11 kwietnia 2024
Resident Evil Zero (PS4)

Resident Evil Zero to ostatni klasyczny RE z dużym budżetem i, mimo kilku interesujących pomysłów, zbyt mocno trzyma się standardowej formuły. Wydany w tym samym roku REmake pokazał, że w tej formie tkwi jeszcze duży potencjał,ale tutaj nie zdecydowano się zrobić kolejnego kroku.

Rozwija formułę dwóch bohaterów. Teraz cały czas ma się dostęp do Rebecci i Billy'ego - mogą chodzić razem albo osobno i przełączanie się między nimi jest natychmiastowe. To ciekawy pomysł,choć niestety nie sprawdza się. Partner może pomagać w walce,ale częściej marnuje amunicje.

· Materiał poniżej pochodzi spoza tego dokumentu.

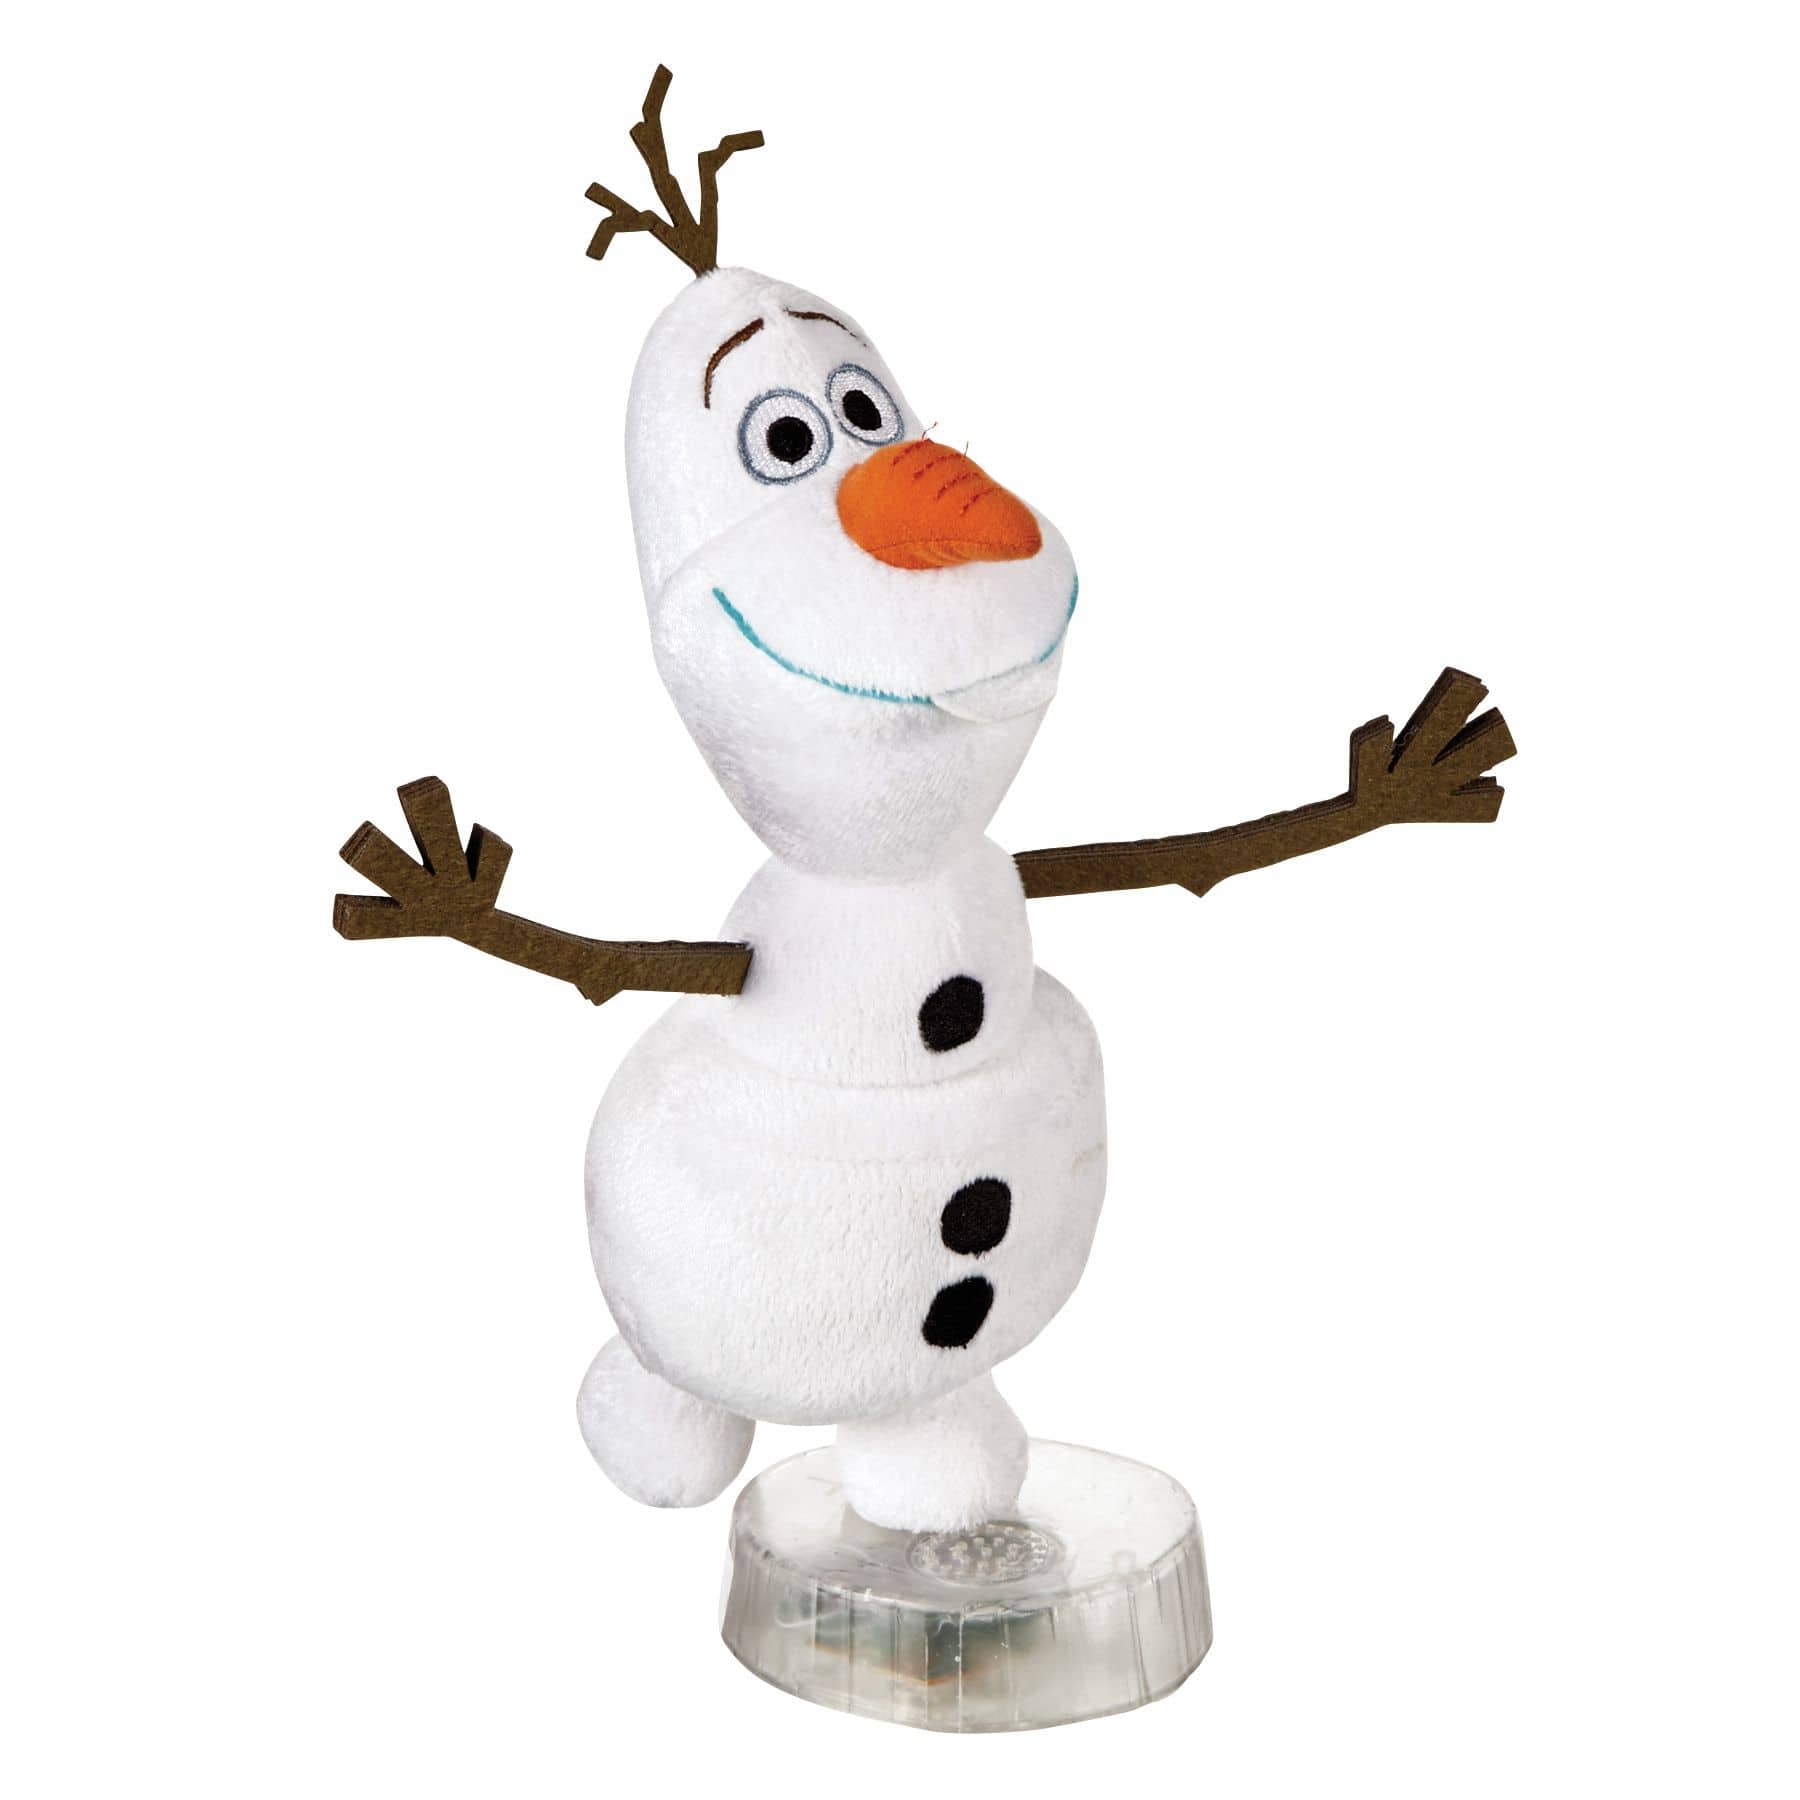 La Reine des neiges - Peluche électronique Olaf 30 cm - Figurine

Bardzo mało zagadek wymaga współpracy, przez co przez większość czasu jedna postać jest w kryjówce, a druga eksploruje mapę. Tylko Rebecca może mieszać rośliny i tylko Billy może przesuwać ciężkie przedmioty, ale wciąż łatwiej jest walczyć i unikać starć w pojedynkę.

Postacie rzadko wchodzą ze sobą w interakcje, a szkoda. Idealistyczna Rebecca policjantka i cyniczny Billy przestępca to całkiem dobry zalążek ciekawej relacji. Zamiast tego gra skupia się na typowych wadach prequela - wyjaśnianiu rzeczy, które wyjaśnień nie potrzebowały.

Pozbyto się skrytki na przedmioty, a zamiast tego można je rzucać na podłogę w dowolnej chwili. Ciekawy pomysł, który najlepiej sprawdza się na początku gry, w poziomie w pociągu. Ograniczona przestrzeń i prostota nawigacji zachęcają do traktowania całej mapy jako swojej skrytki.

Gorzej działa, gdy gra się otwiera i kolejny raz wraca do rezydencji. To odtwórcza lokacja z rozkładem podobnym do domu Spencerów, przez co szybko zaczyna się gromadzić przedmioty w jednym miejscu, najczęściej w pobliżu punktu zapisu. Czyli jak skrzynki, ale z dodatkową pracą.

Na uwagę zasługuje oprawa graficzna. Prerenderowane tła wyglądają cudownie nawet dzisiaj. Lokacje pełne są przepychu i detali, a do tego wykorzystano wiele interesujących kadrów dla statycznej kamery. Często łączono z nimi efekty świetlne czy cienie, tworząc wspaniałe obrazy.